History

Great Britain
- Name: Enterprize
- Owner: Shaw & Co.
- Launched: 1794, Spain, or Brazil
- Acquired: 1799
- Captured: circa 1800
- Fate: Sunk after capture

General characteristics
- Tons burthen: 204, or 222 (bm)
- Complement: 20
- Armament: 10 × 6-pounder guns

= Enterprize (1799 ship) =

Enterprize was launched in Spain and taken in prize, or in Brazil. She became a slave ship in the triangular trade in enslaved people, sailing from Liverpool in 1799. French naval vessels captured and sank her before she could embark any captives.

Enterprize first appeared in Lloyd's Register (LR), and the Register of Shipping in 1800.

| Year | Master | Owner | Trade | Source & notes |
|---|---|---|---|---|
| 1800 | L.Carlisle | Shaw & Co. | Liverpool–Africa | LR |
| 1800 | Carlisle | Shaw & Co. | Liverpool–Africa | RS |

Captain Ludwick Carlile acquired a letter of marque on 1 February 1799. He sailed from Liverpool on 27 April, intending to acquire captives in West Africa. In 1799, 156 vessels sailed from English ports, bound for Africa to acquire and transport enslaved people; 134 sailed from Liverpool.

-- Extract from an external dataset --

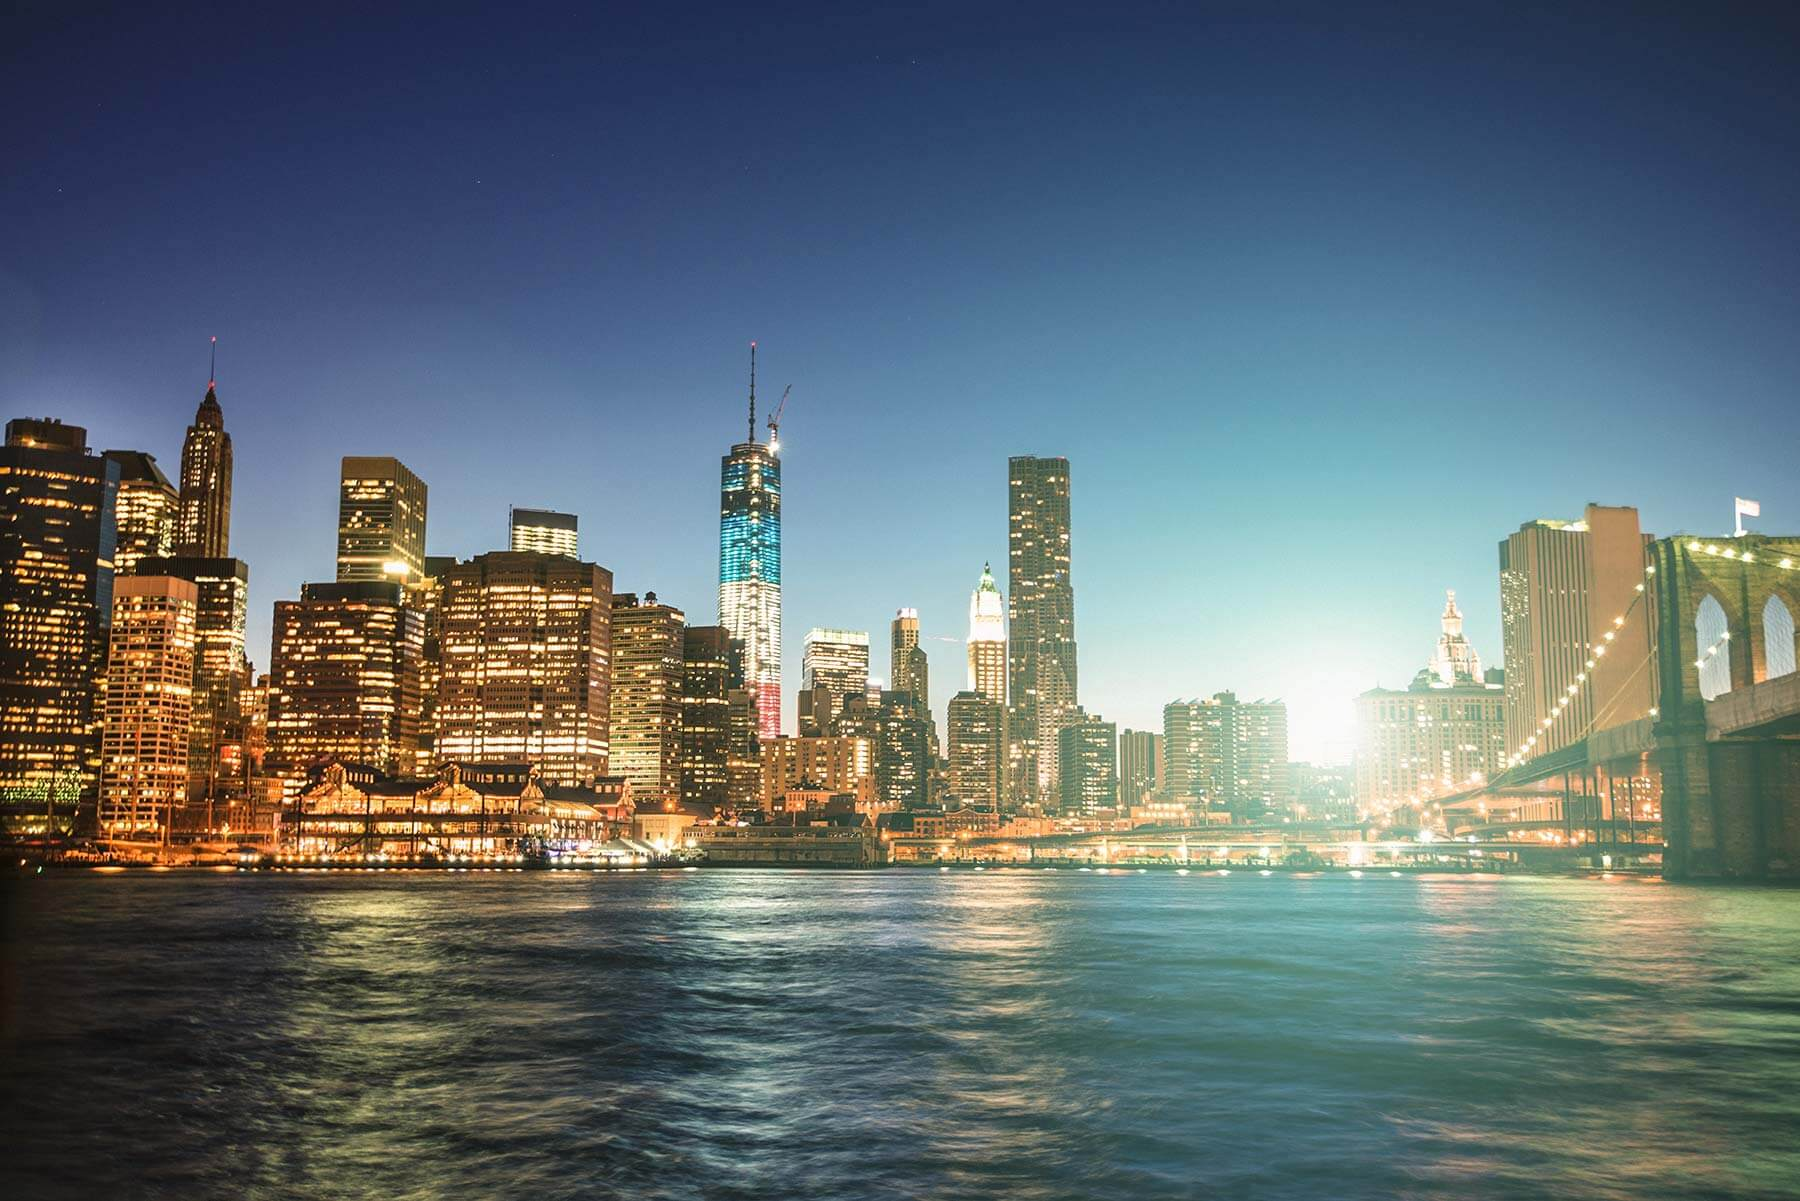 Skyline photo of Manhattan, NY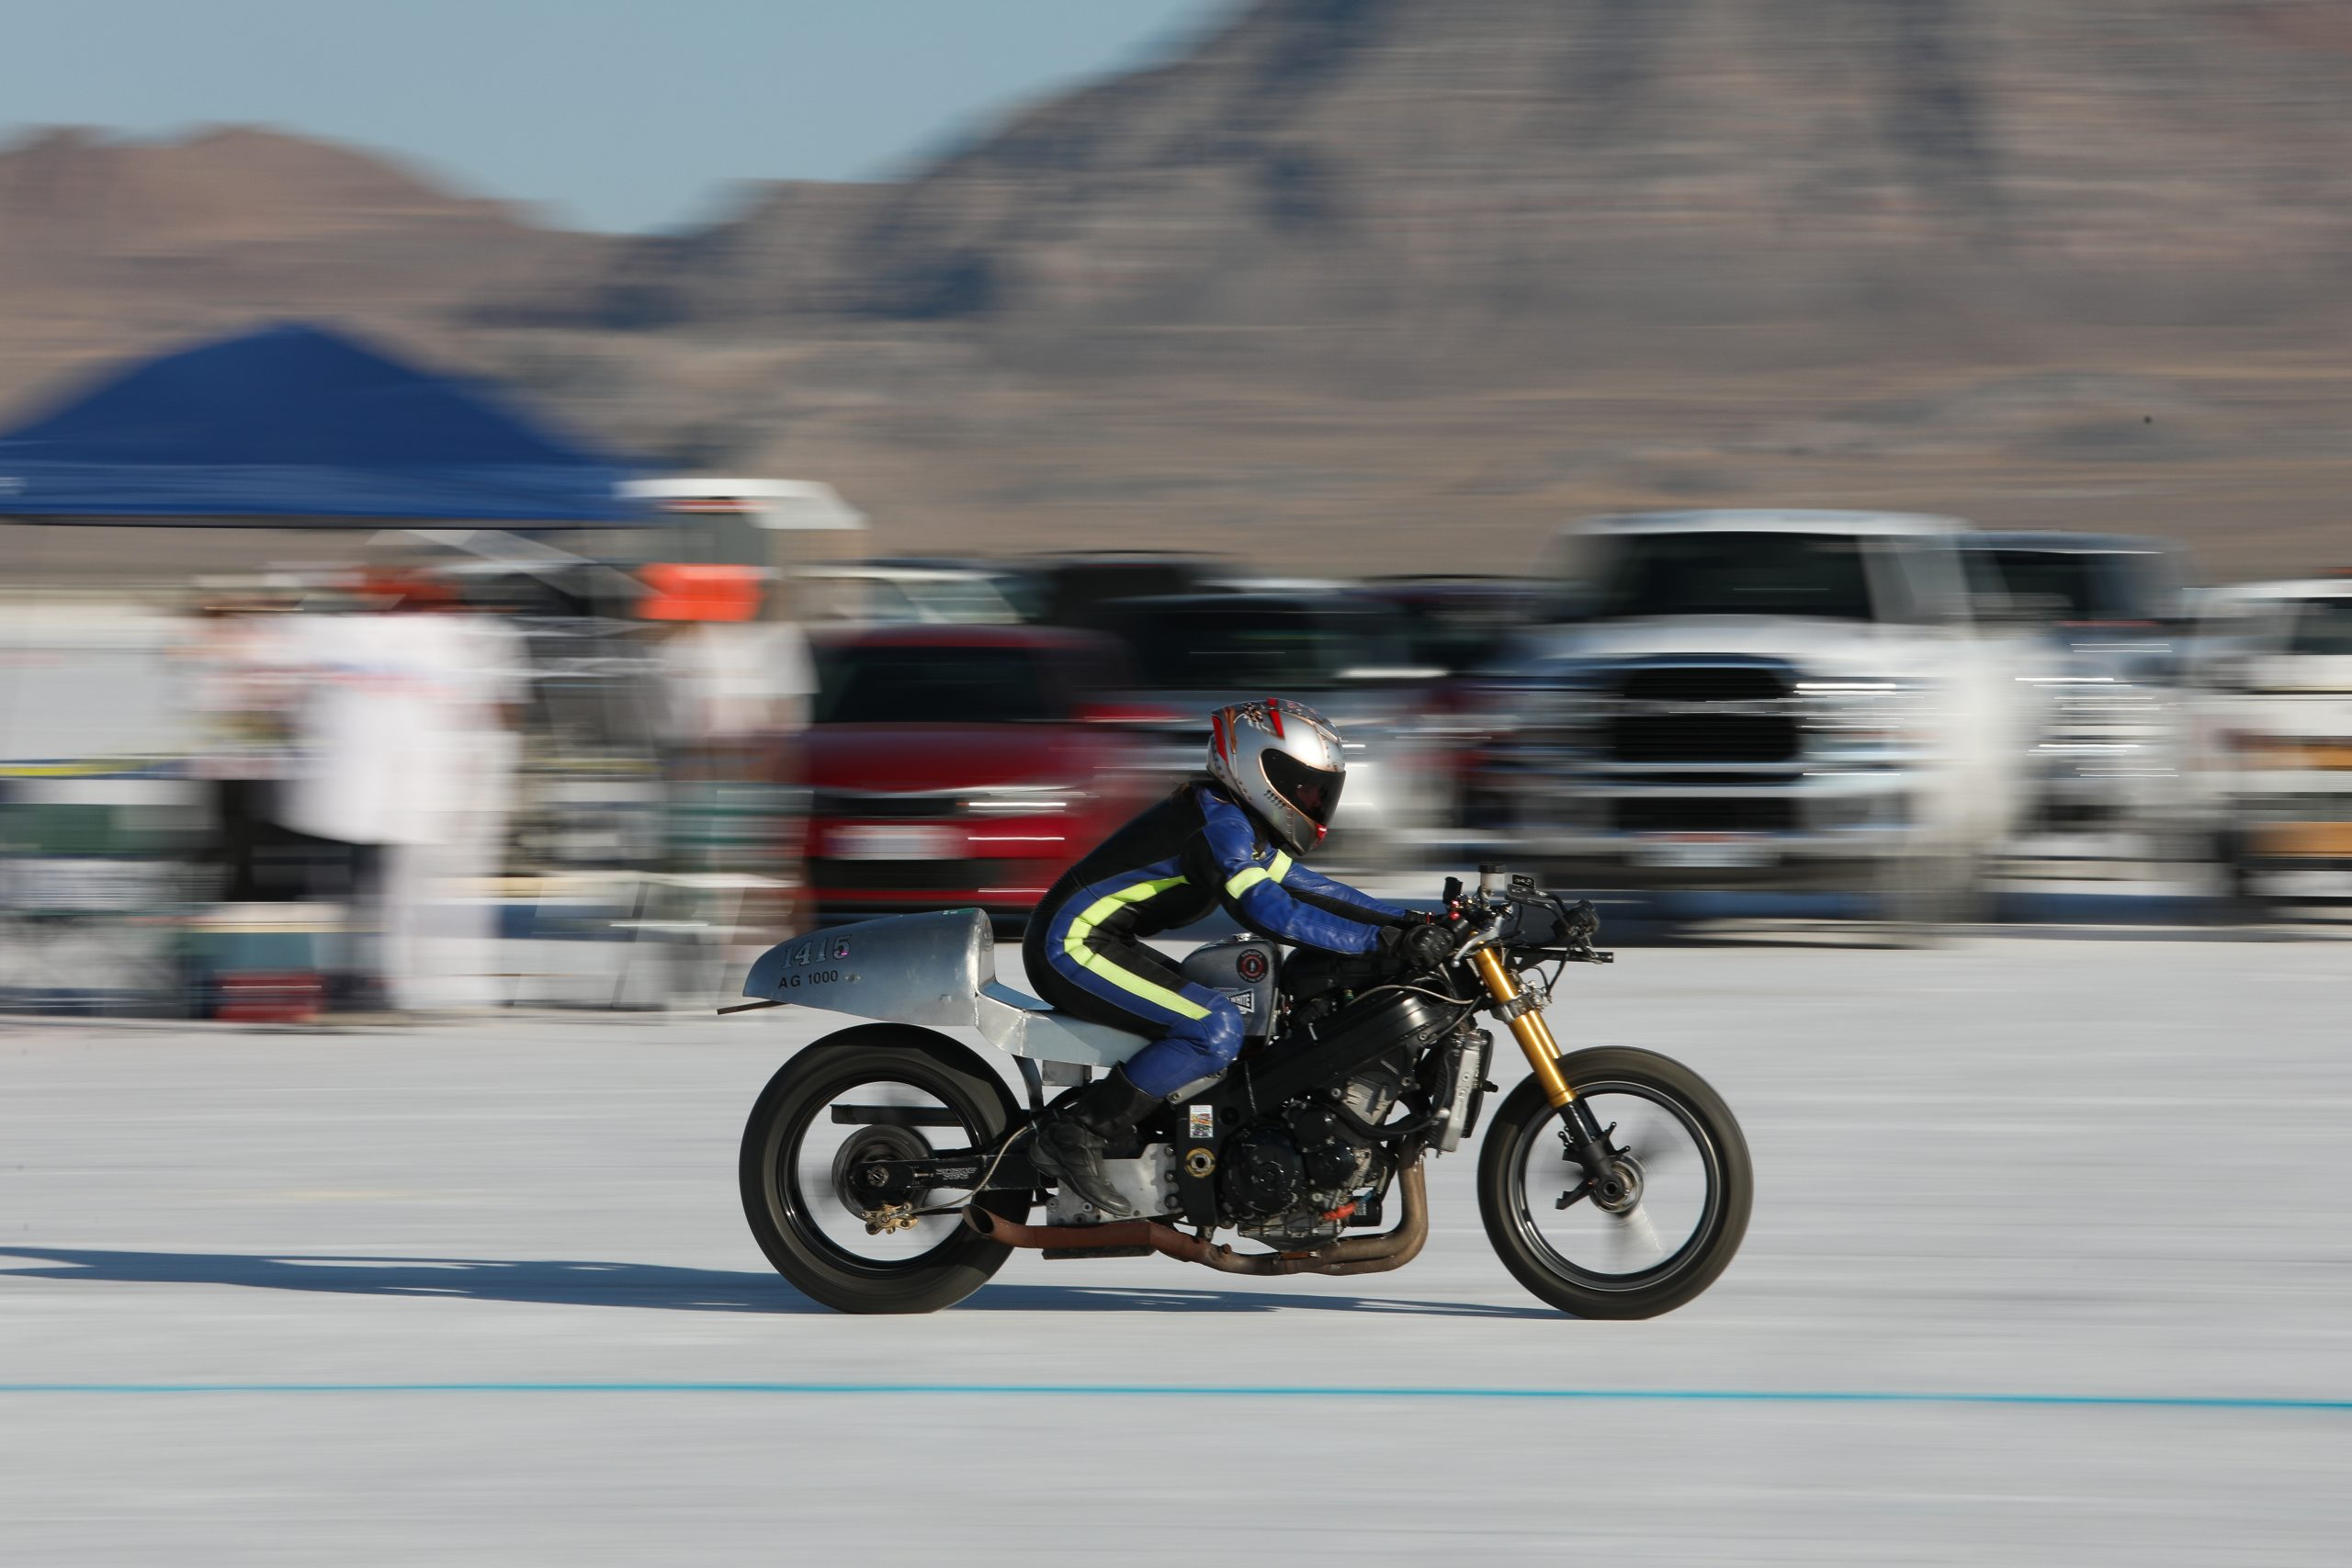 Bonneville Motorcycle starting line 2020

In late 1799, or early 1800, three French frigates captured Enterprize, together with , and Dispatch. The captures took place off the coast at Benin. The French sank the captured vessels. In 1799, 18 British vessels in the triangular trade were lost, five of them on the coast of Africa. In 1800, the comparable numbers were 34 and 20. During the period 1793 to 1807, war, rather than maritime hazards or resistance by the captives, was the greatest cause of vessel losses among British enslaving vessels.